Using the same fellow who writes directions for income-tax forms, the NCAA has made life even tougher for ABC by working out a Byzantine formula that instructs the network as to what teams can be on TV and how often. What this comes down to, essentially, is that VMI and Chattanooga are available when ABC wants Texas and Ohio State. To further complicate things, almost all the games are chosen in March. Finally, and most trying of all from the network viewpoint, the interest in college football is highest where there are the fewest sets and lowest precisely where there are the most—in the Eastern megalopolis, which has more than 20% of the nation's sets and where Temple-Villanova is a big game. This area, not so incidentally, is where the people live who decide what commercial time to buy.
It should come as no surprise, then, to hear that ABC figures to lose a cool $1 million or so on its college football telecasts this year. When the present ABC contract runs out after the 1971 season, college football will be in for a tougher game, but for now, considering the loving and very imaginative treatment that ABC gives the colleges, NCAA Chief Walter Byers should get down on his knees and salaam toward the Hall of Fame at Rutgers every time he sees the network's initials.
ABC's affectionate philosophy of coverage is that a college game is a different kind of spotting experience from that offered by the pros and that TV should try to capture its freer, livelier spirit as well as its accelerated action. While the campus view that ABC presents is a shade of ivy bland, that is fair enough. Those watching at home are, after all, escapists, and it is not the responsibility of ABC to give equal time to the SDS just to prove it is right on in the new college scene.
Unfortunately, the ABC effort has been distorted by all the outside demands. First, the NCAA requires that a phony spot commercial be run for each competing school. With a mail-order voice and stock shots that went out with Good News, this labored bunk goes a long way toward destroying the spontaneity and spirit that ABC works hard to capture.
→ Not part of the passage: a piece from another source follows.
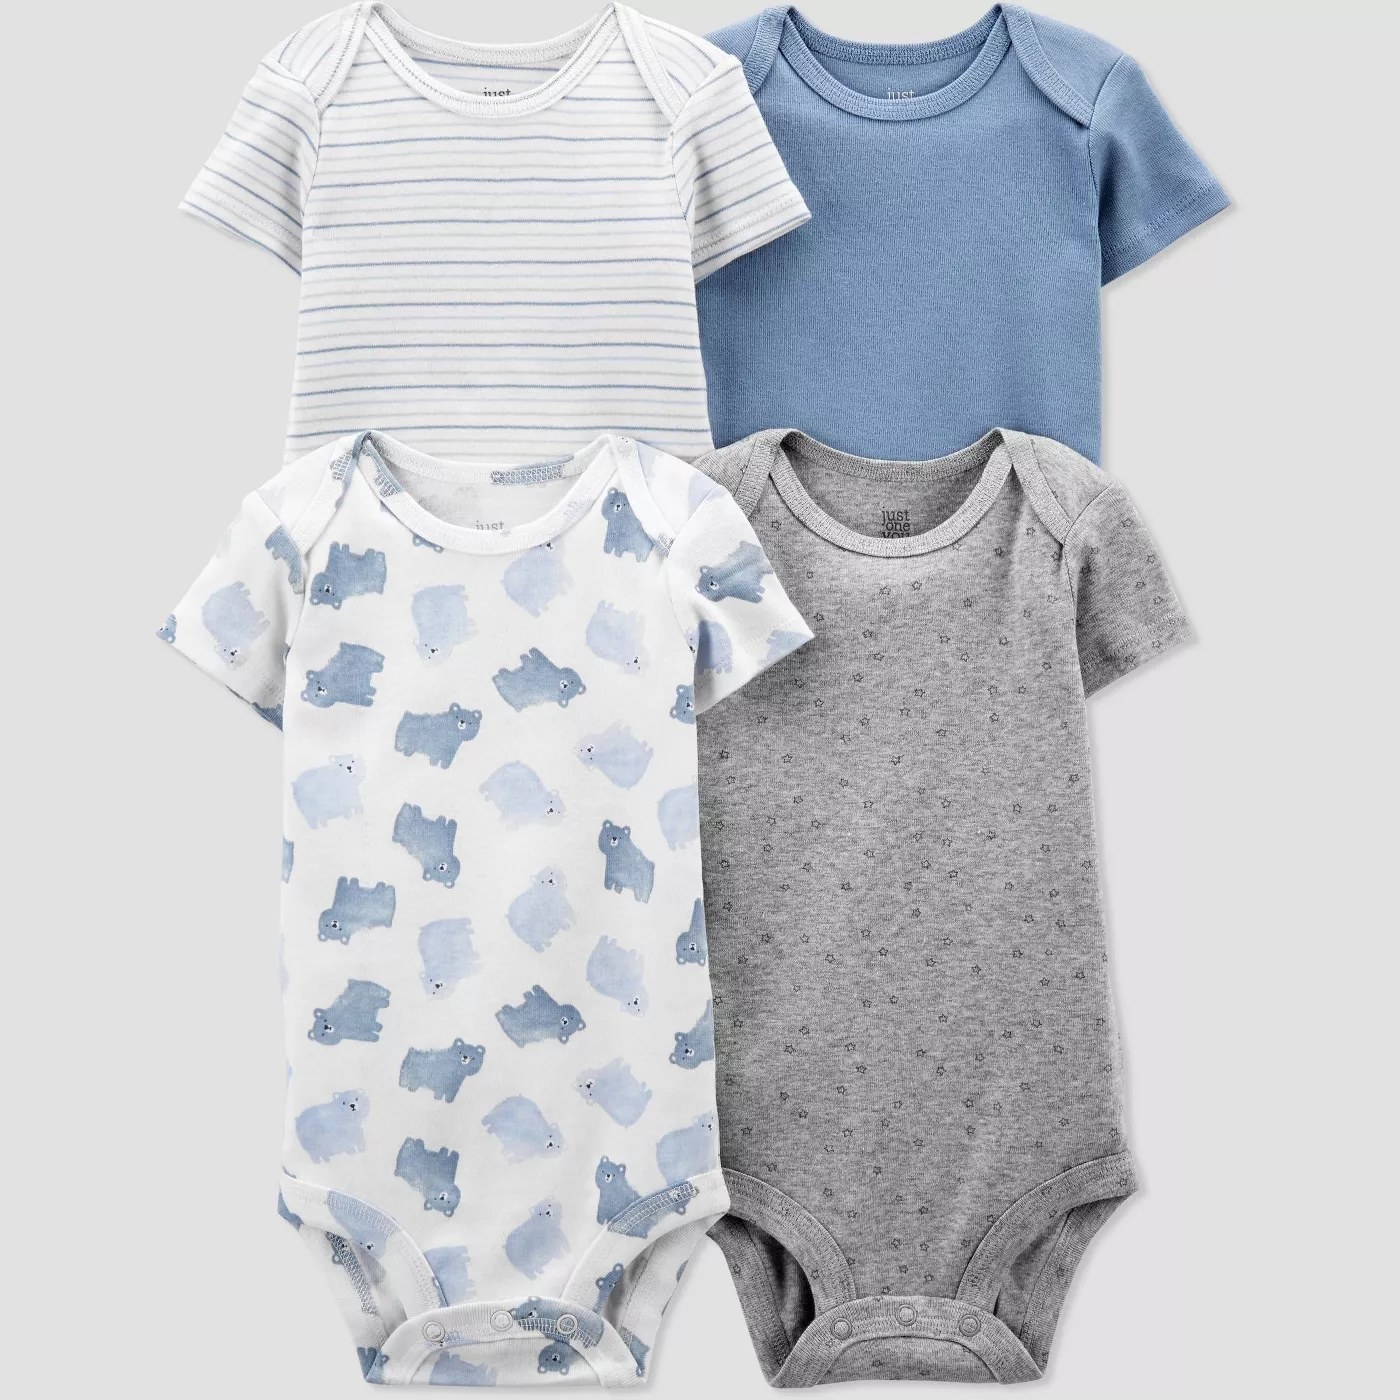 A bodysuit with a bear pattern, another in gray, another in blue, and another with stripes

The NCAA makes every college sound like Oxford, and half the time you know there are some players down on the field majoring in alphabet.
Second, the insidious marching-band lobby virtually has forced ABC to devote its whole halftime show to cacophonous gimmickry that long ago became a parody of itself. It is especially unfortunate that ABC forfeits halftime dialogue, because the network puts on an outstanding pregame show, one that is particularly valuable to the viewer who is not familiar with the teams. This year a variety of approaches were tried, always introducing some element or factor unique to the upcoming game. Even the most confused fan could start off with at least a touch of attachment or direction.
Sadly, after the kickoff the viewer gets too little guidance from the broadcasters, Chris Schenkel and Bud Wilkinson. They are so trapped with the necessity to describe every play, all 150 of them, that they seldom have any time for the game as a whole. ABC mimeographs meticulous game plans for its cameras and, considering how fast the action tumbles on, the directors do a superb job of punching in playbacks, which Coach Wilkinson never fails to stay up with. However, this leaves no time to mull over larger questions that the viewer really wants answers to. Some random examples. Against Texas, Oklahoma simply could not complete a pass. Was the quarterback that rotten a passer or was it the Texas defense? Nothing said. Stanford scored at will the first three times it had the ball against Washington, then could hardly make a first down. How come? Answer came there none—just the usual numbing devotion to play-by-play. Like most well-paid TV announcers, neither Wilkinson nor Schenkel has any heart for venturing real opinion or honest criticism. Speaking of old speak-no-evil, Chris Schenkel has attained new heights. Now he sidesteps naming the player who commits an atrocious personal foul when it is obvious to all in the stadium, and Producer Chuck Howard is right there pleading with him to, for once, impart some unpleasant news. But Schenkel's is the telephone-book approach to football telecasting: say a lot of names and thank a lot of people and you will have offended no one. It is a 1950s style, and it conflicts with an ABC effort that is otherwise moving very professionally into the new decade.